In my experience from watching dissertation defenses and from defending my own dissertation, I have observed that there are three important components to any successful defense. These components are:
1. The Presentation
2. The Original Work
3. Your Work in Context
Here are some tips I’ve learned for performing well on each component.
1) The Presentation
This area is sometimes overlooked because it is viewed as superficial, especially when compared to the actual work that is being judged. However, just as in dating, presentation matters. In a defense, one can’t get by just on a great looking presentation, but it can help in getting the relevant information across and in eliminating unwanted questions arising from simple misunderstandings.
The key parts to having a good presentation are:
a) Making the presentation readable. Make sure that relevant characters can be seen.

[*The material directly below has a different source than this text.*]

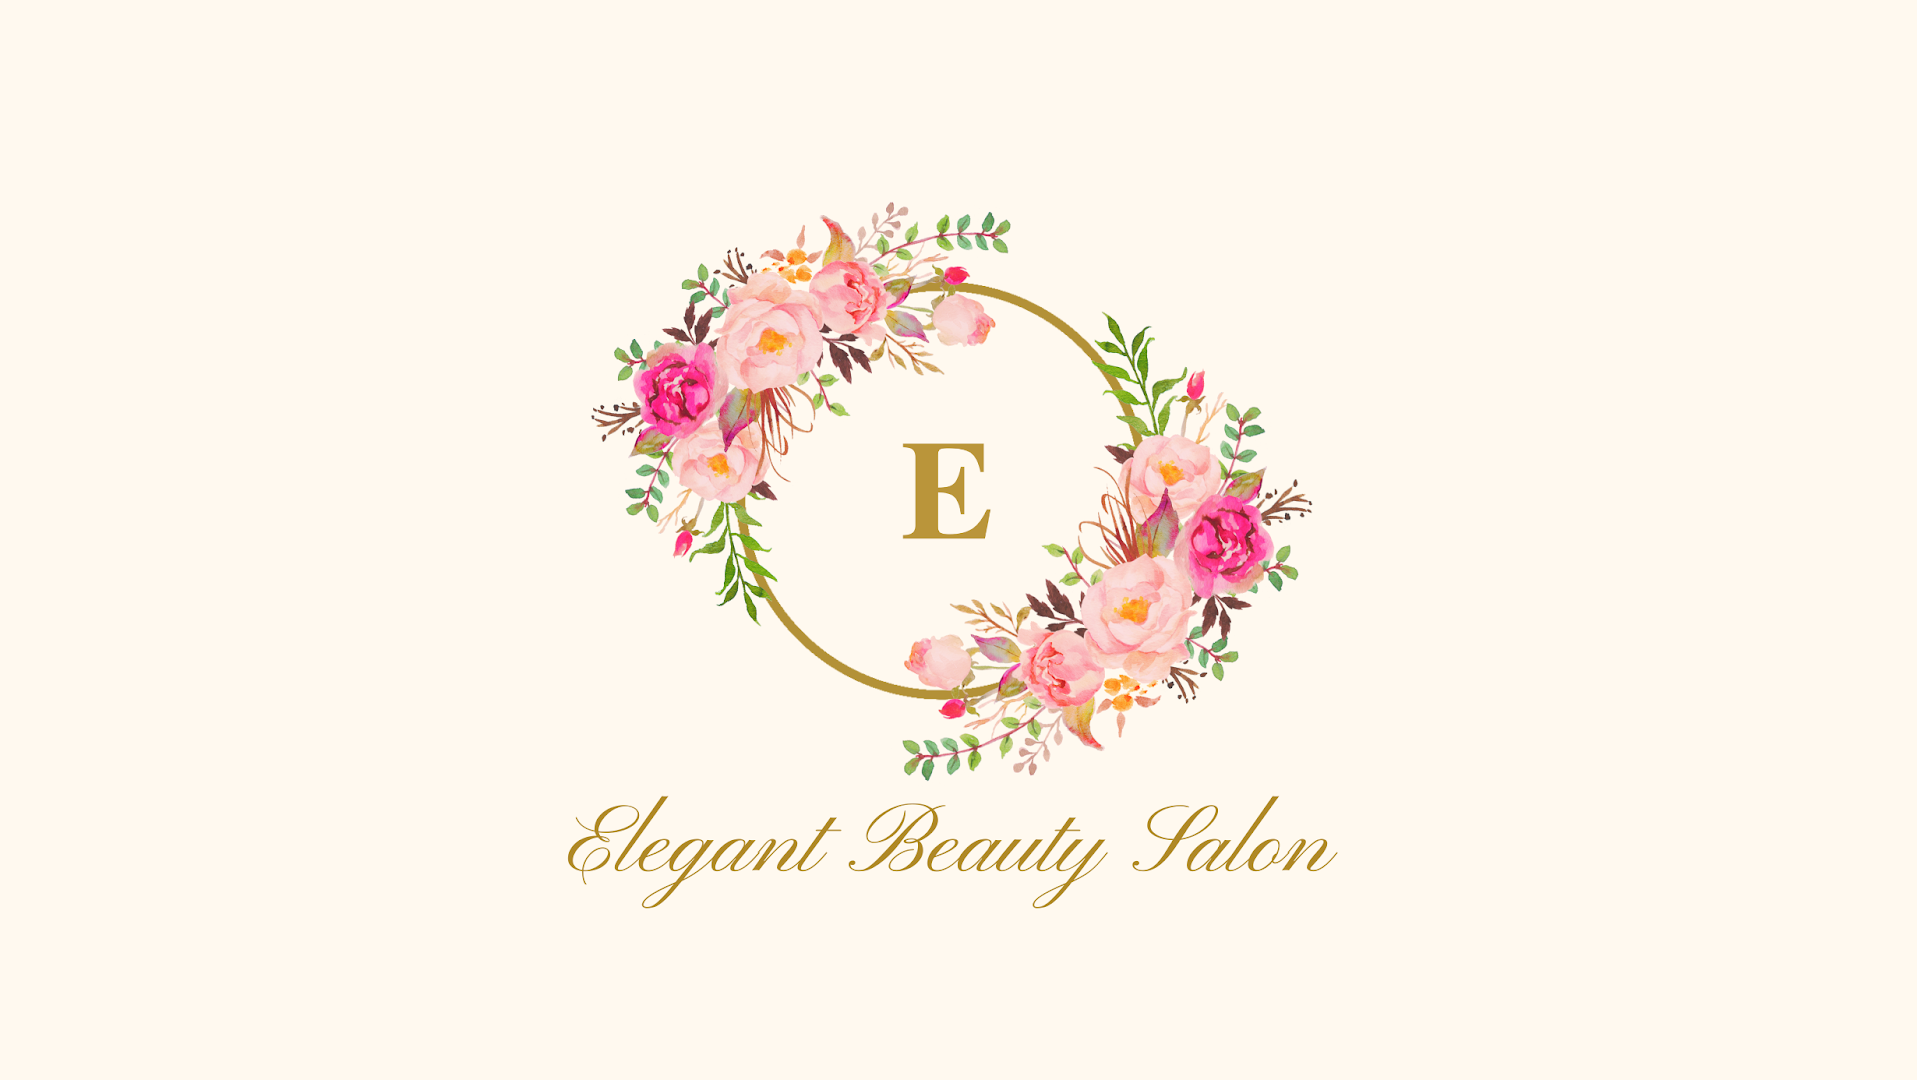 Elegant Beauty Salon

b) Using a clear and consistent labeling scheme. Make sure that your variables, and names are used to mean only one thing. If there is community accepted double use for a label, make sure that you give a explanation of that convention.
c) Having a clear organization. As much as possible you would like the ideas and results that you present to follow a logical and pedagogical progression of thought. A lot of questions come from this component for the simple fact that not everyone thinks alike. Sometimes, committee members will ask these types of questions just to see how well you have thought about the logic of your work. Examples are very helpful in explaining concepts. Wherever possible, use simple examples that capture the essence of the point you are trying to make. Examples are nice in that, if you are running out of time they can be easily skipped.
d) Eliminating distracting content. Since there are often many different and independent components of the work, multiple colors and animations are often used to help distinguish these pieces. However, one should not add something just because it looks nice. Such things tend to distract people and can introduce confusion when they expect the added fluff to be meaningful. It can be very embarrassing to have to admit that something you put in the presentation had no real value.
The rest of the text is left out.